--- Dataset content ---
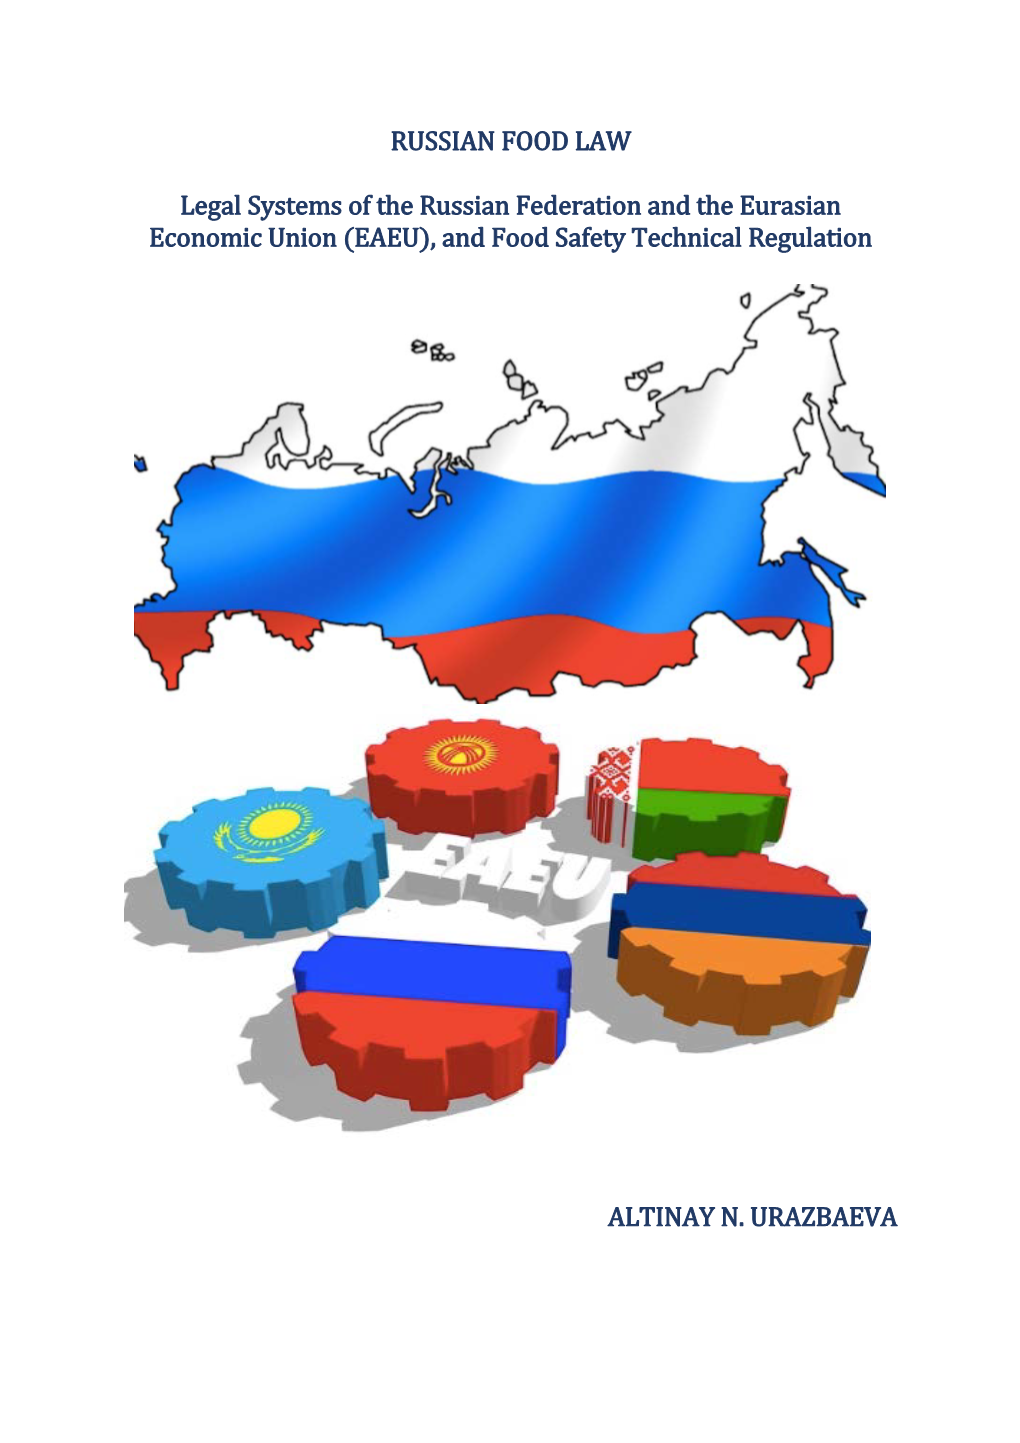 RUSSIAN FOOD LAW Legal Systems of the Russian
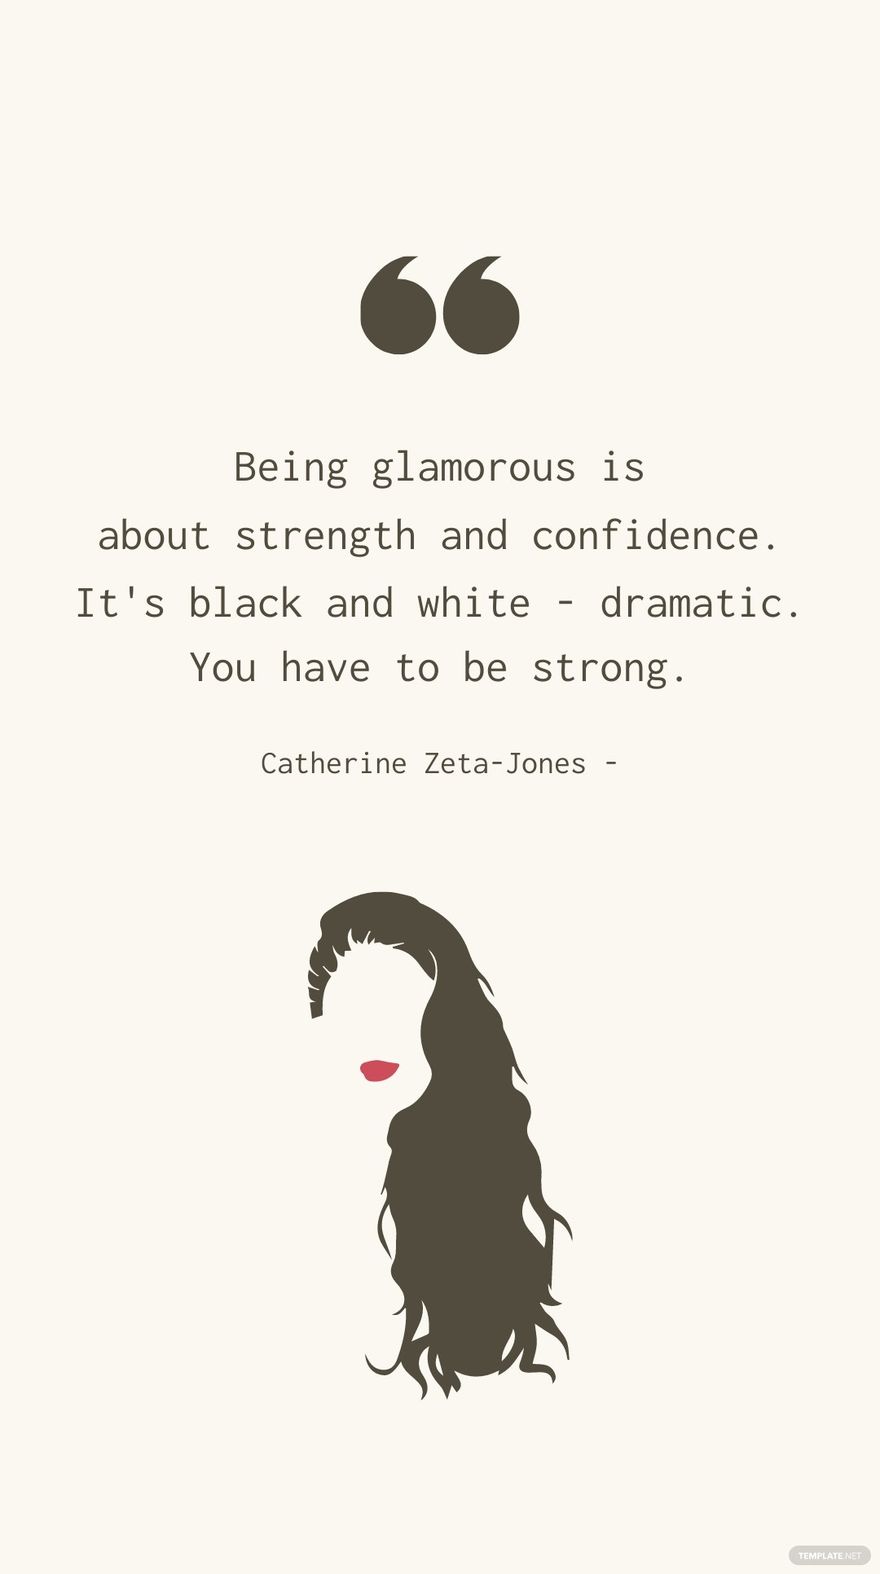 Catherine Zeta-Jones - Being glamorous is about strength and confidence. It's black and white - dramatic. You have to be strong.
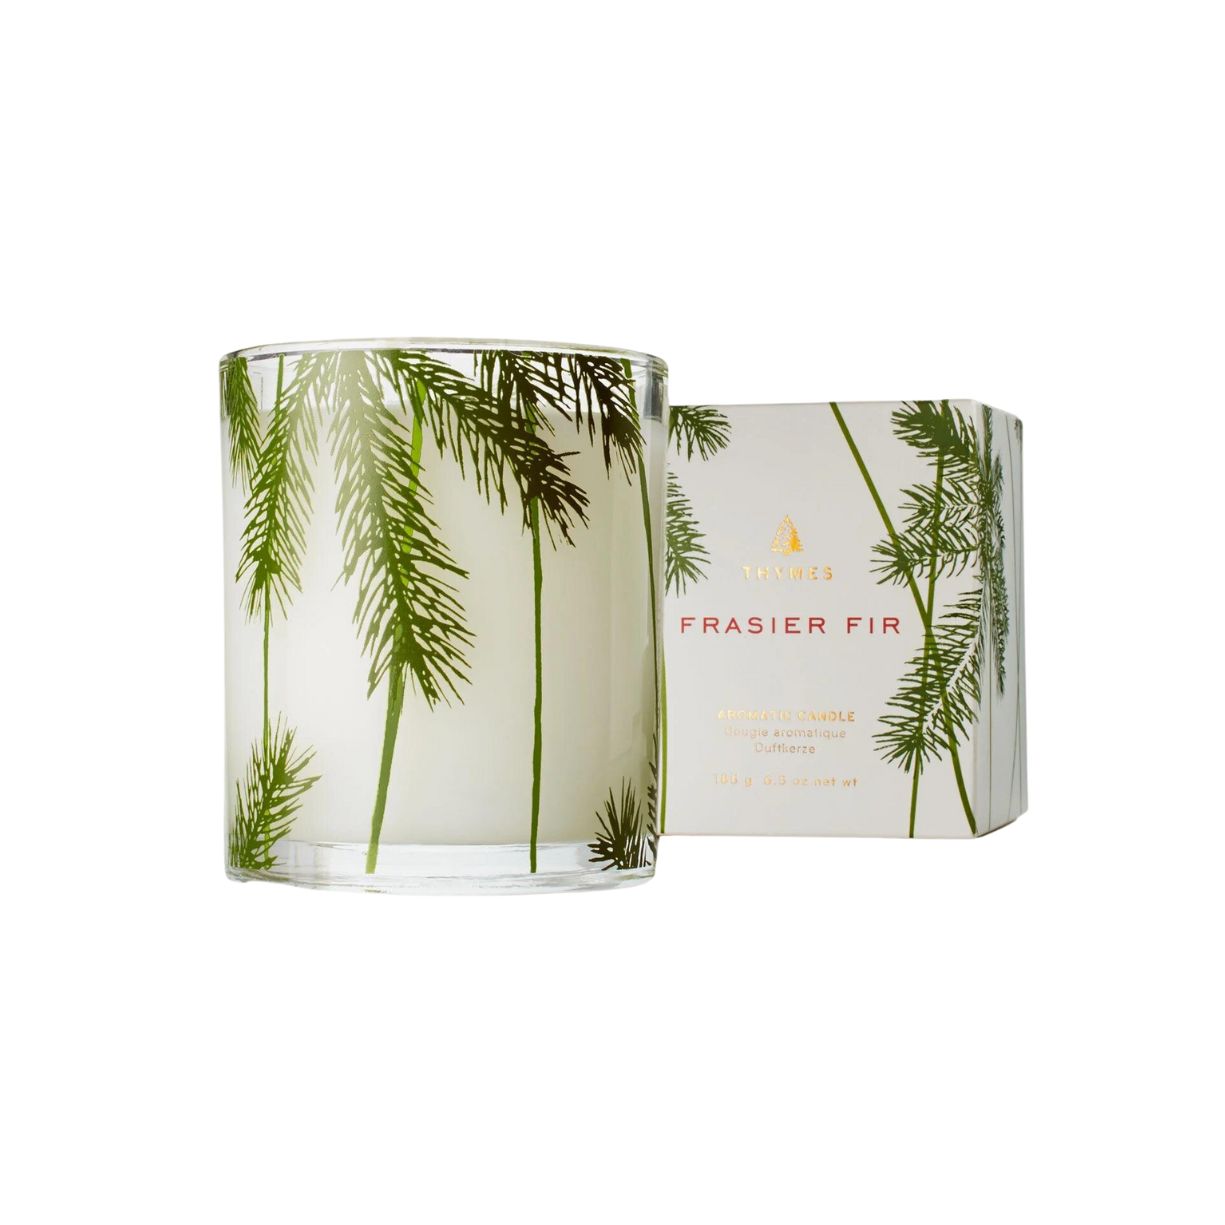 Frasier Fir Pine Needle Poured Candle
---
To do: Without any pictures, transcribe the listing above exactly as written.

Result of the exercise:
 RUSSIAN FOOD LAW Legal Systems of the Russian
 Catherine Zeta-Jones - Being glamorous is about strength and confidence. It's black and white - dramatic. You have to be strong.
 Frasier Fir Pine Needle Poured Candle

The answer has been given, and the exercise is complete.